Николай Крашенинников - Целомудрие
— Пожалуйте-с!
Вошли в кривую комнату с запыленными окнами; прямо перед окном горел на улице керосиновый фонарь, и его желтый свет наполнял комнату печалью.
На полу валялись обрывки бумаг, клочки сена, из-за дощатой перегородки текла к мебели струйка помоев.
— Еще не убрато, только съехали! — в виде извинения сообщил коридорный и, преградив помойное русло ногою, заставил речку течь мимо гостей. — Номерок покойный, соседи непьющие! добавил он и с треском зачиркал спичками.

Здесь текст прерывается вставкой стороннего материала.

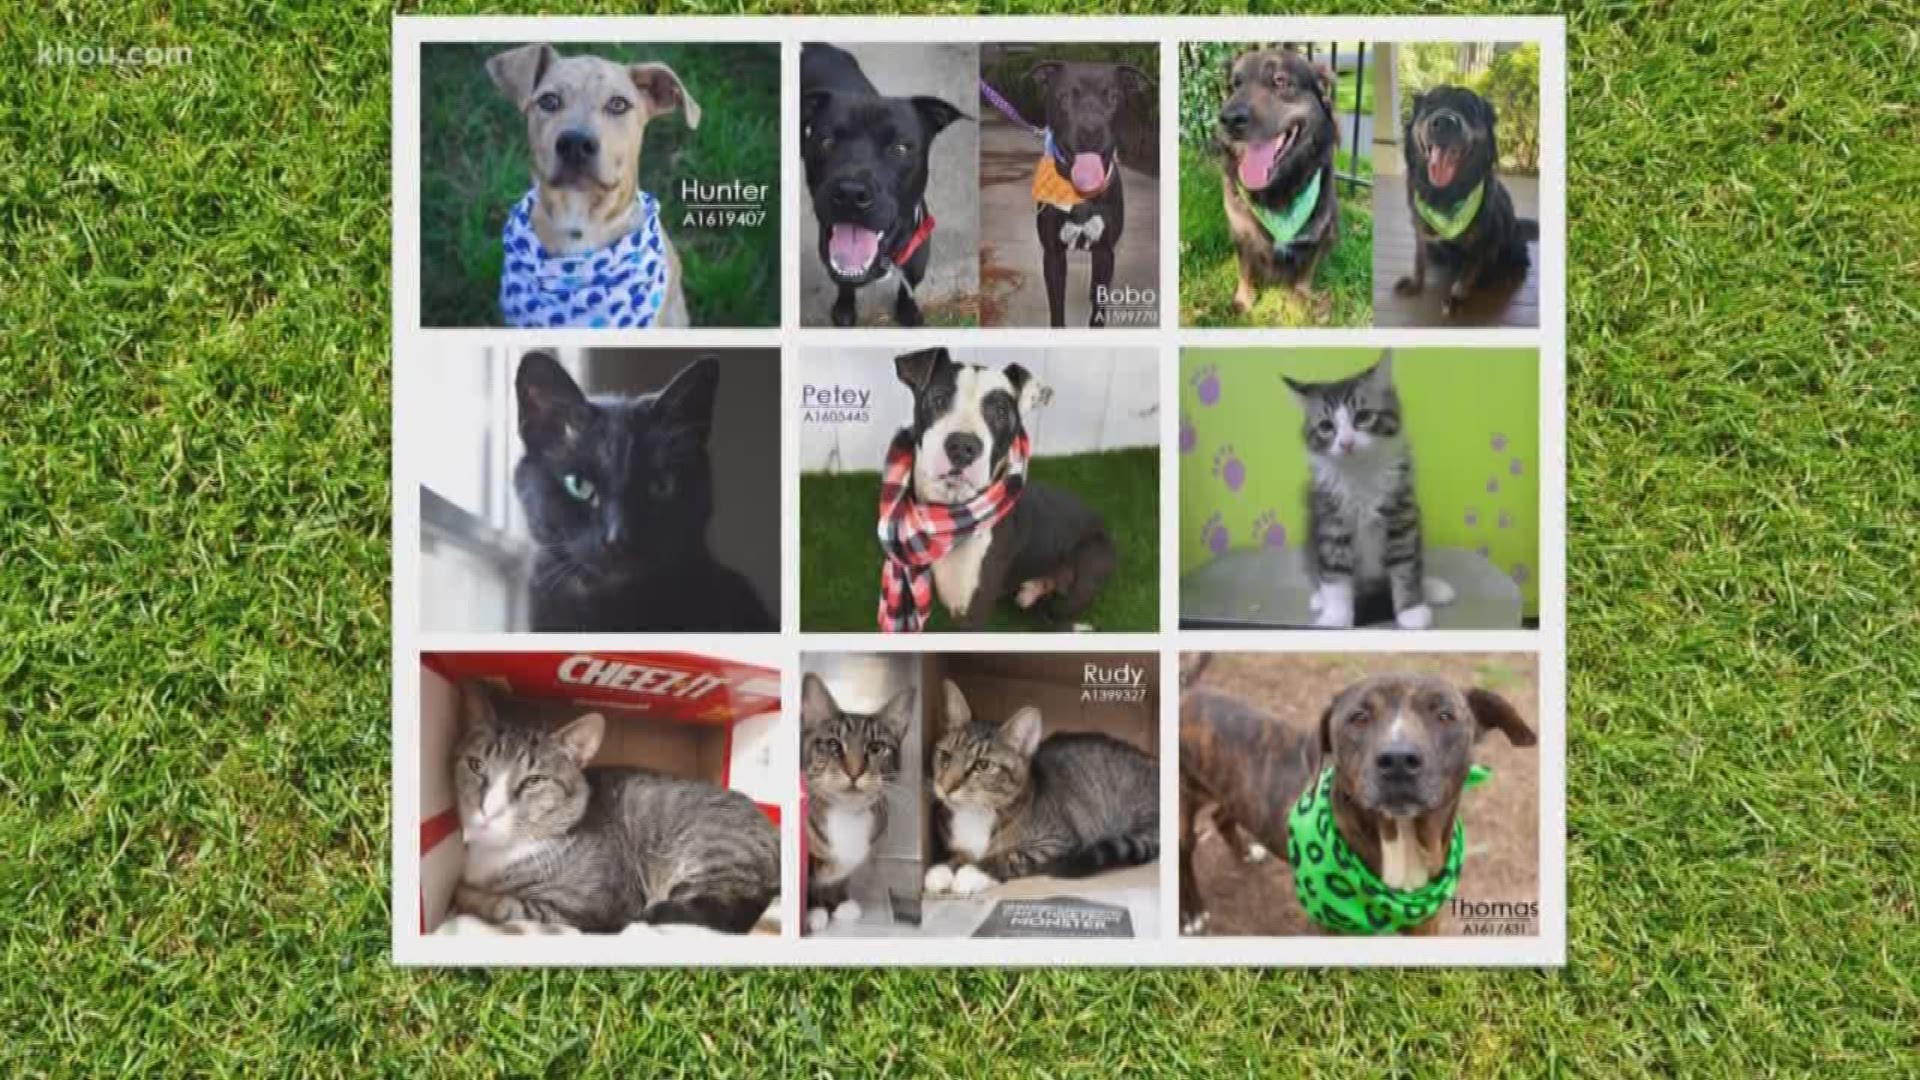 April 30 marks National Adopt a Shelter Pet Day and the city of Houston's BARC shelter is celebrating with discounted adoptions.

Неуверенно загорелись косоглазые свечки.
— Номерок спокойственный и окнами на юг! — сказал еще коридорный и подрыгал ногами. — Прикажете вещи принести?
— Пожалуй, — апатично сказала мама и присела в кресло.
В это время в раскрытом окне загромыхала пролетка, и, дребезжа по булыжникам колесами, шумно подкатил извозчик с двумя седоками
— «Под веч-чир осенью не-настной!..» — орали они, оба бородатые, оба в картузах и чесучовых поддевках.
— Гуляют! — одобрительно сказал швейцару городовой, куривший под фонарем. — Намедни подряд на кирпичи получили.
Огромный мужик с разорванным ухом принес в комнату вещи Елизаветы Николаевны и, вздыхая, остановился. Мама, не вставая с места (она казалась очень утомленной), подала Павлику монету, и он передал ее служителю.
— Мерси! — сказал тот и удалился.
— Что же ты сидишь, мама? — спросил Павел, видя, что она не встает. Голова ее была склонена книзу, точно она спала.
— Да, да. — ответила мама и с усилием поднялась. — Надо выпить чаю, голос ее звучал апатично, — Ты будешь?
— Буду, — негромко ответил Павлик. Он все сердился на маму. Сама же завезла его в эту противную гостиницу и сама точно недовольна.
На звонки Елизаветы Николаевны никто не явился.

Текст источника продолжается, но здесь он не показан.